• _PROBLEM TO SOLVE_
Ignoring the pictures, copy the data exactly.

• _SOURCE DATA_
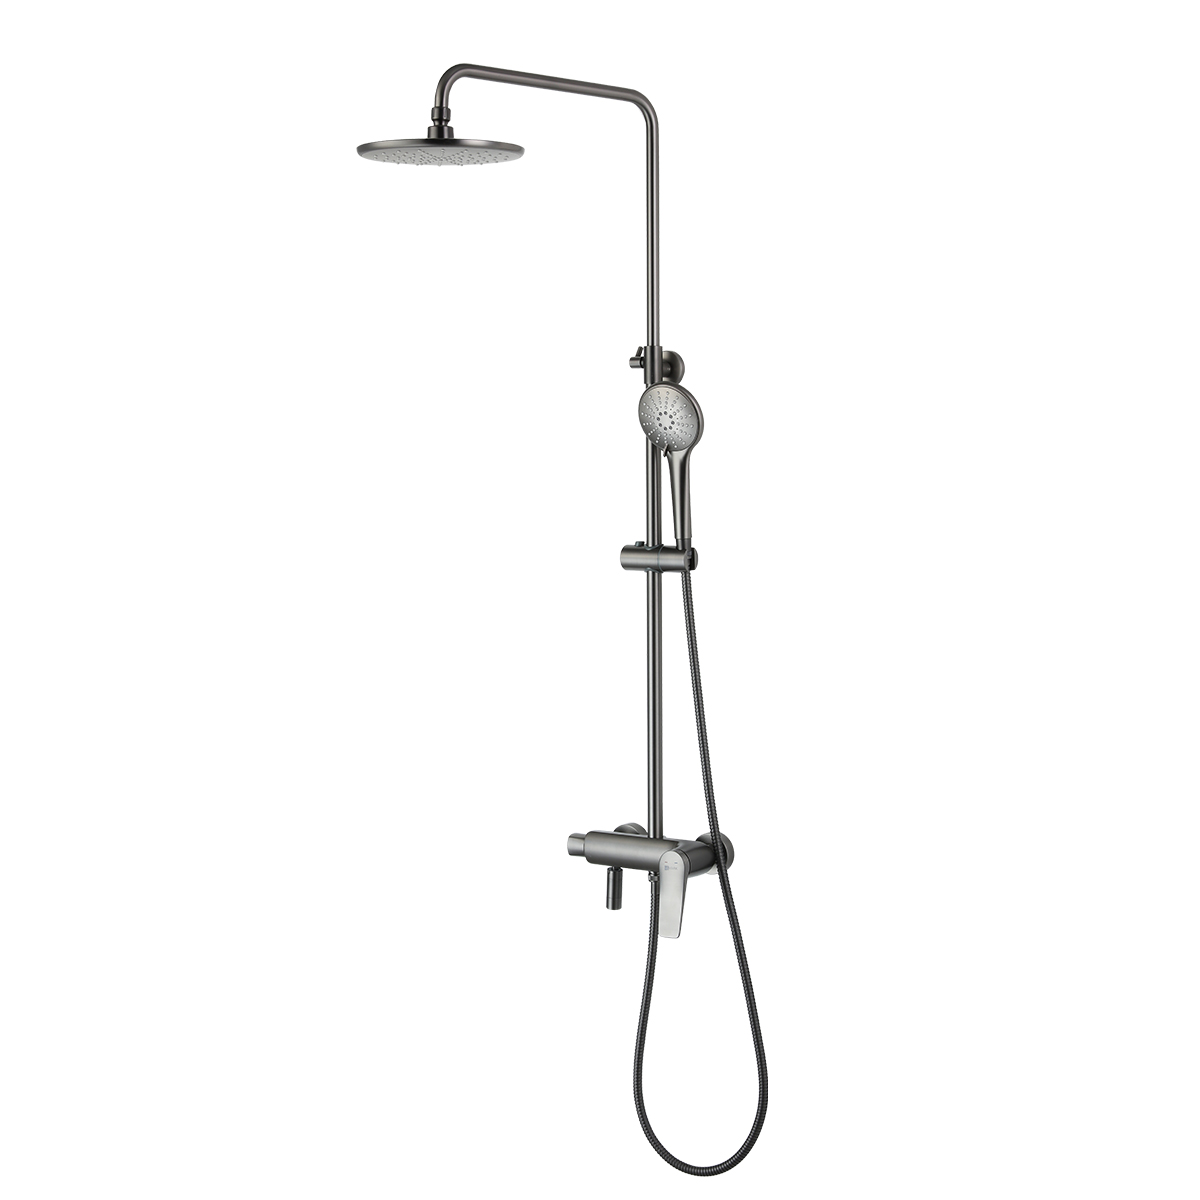 LM3762GM Bath and shower faucet with adjustable rod height, swivel spout and «Tropical rain» shower head
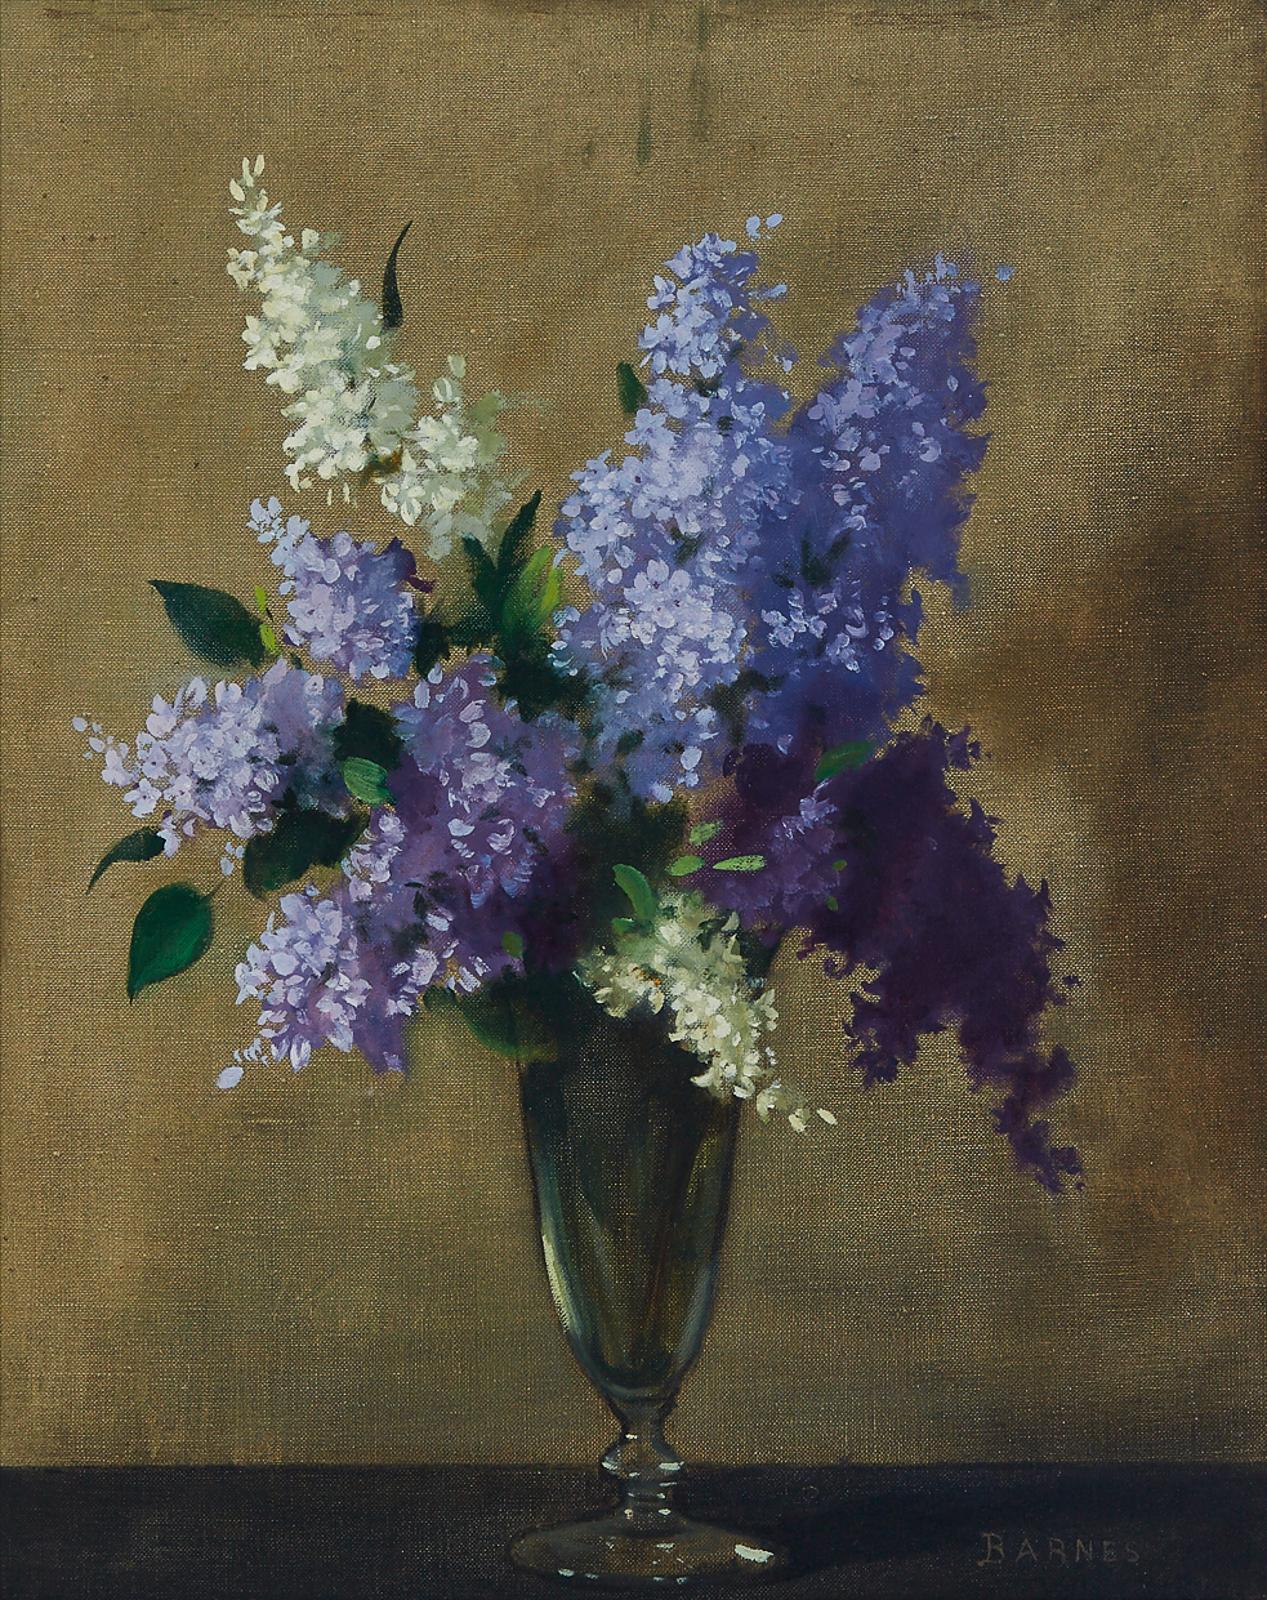 Archibald George Barnes (1887-1972) - Lilacs In A Glass Vase
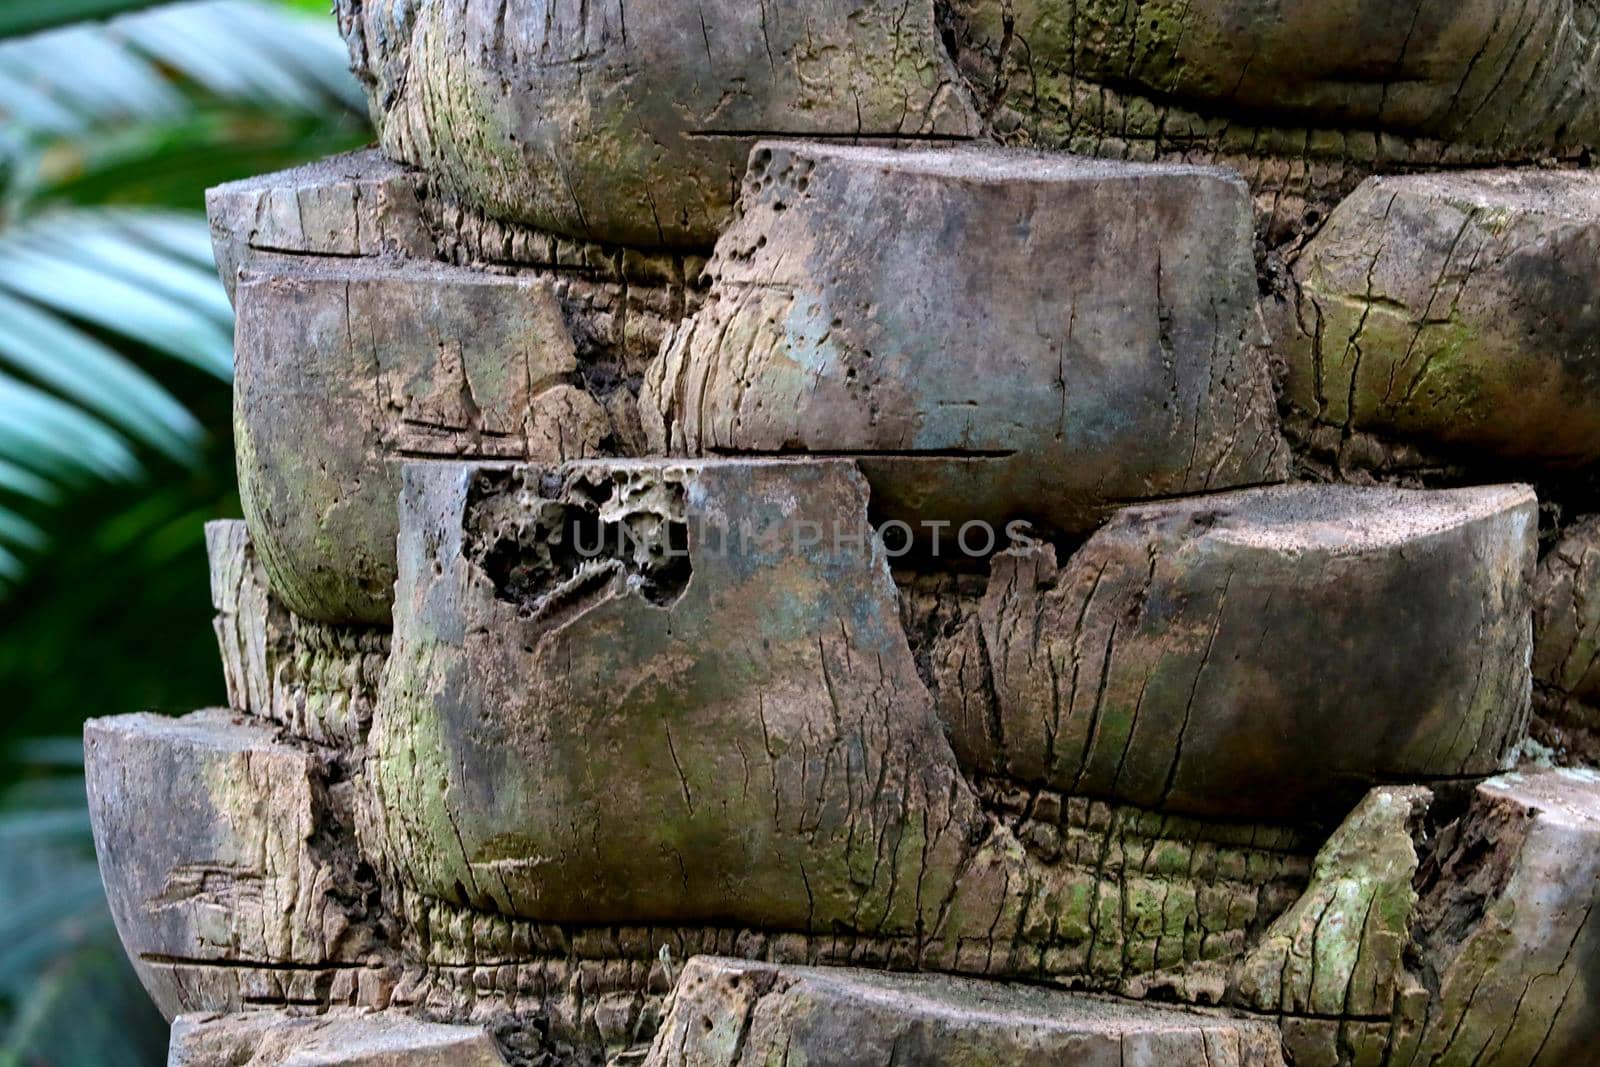 View of the trunk of an old coconut tree, background

• _RESPONSE AREA_
 LM3762GM Bath and shower faucet with adjustable rod height, swivel spout and «Tropical rain» shower head
 Archibald George Barnes (1887-1972) - Lilacs In A Glass Vase
 View of the trunk of an old coconut tree, background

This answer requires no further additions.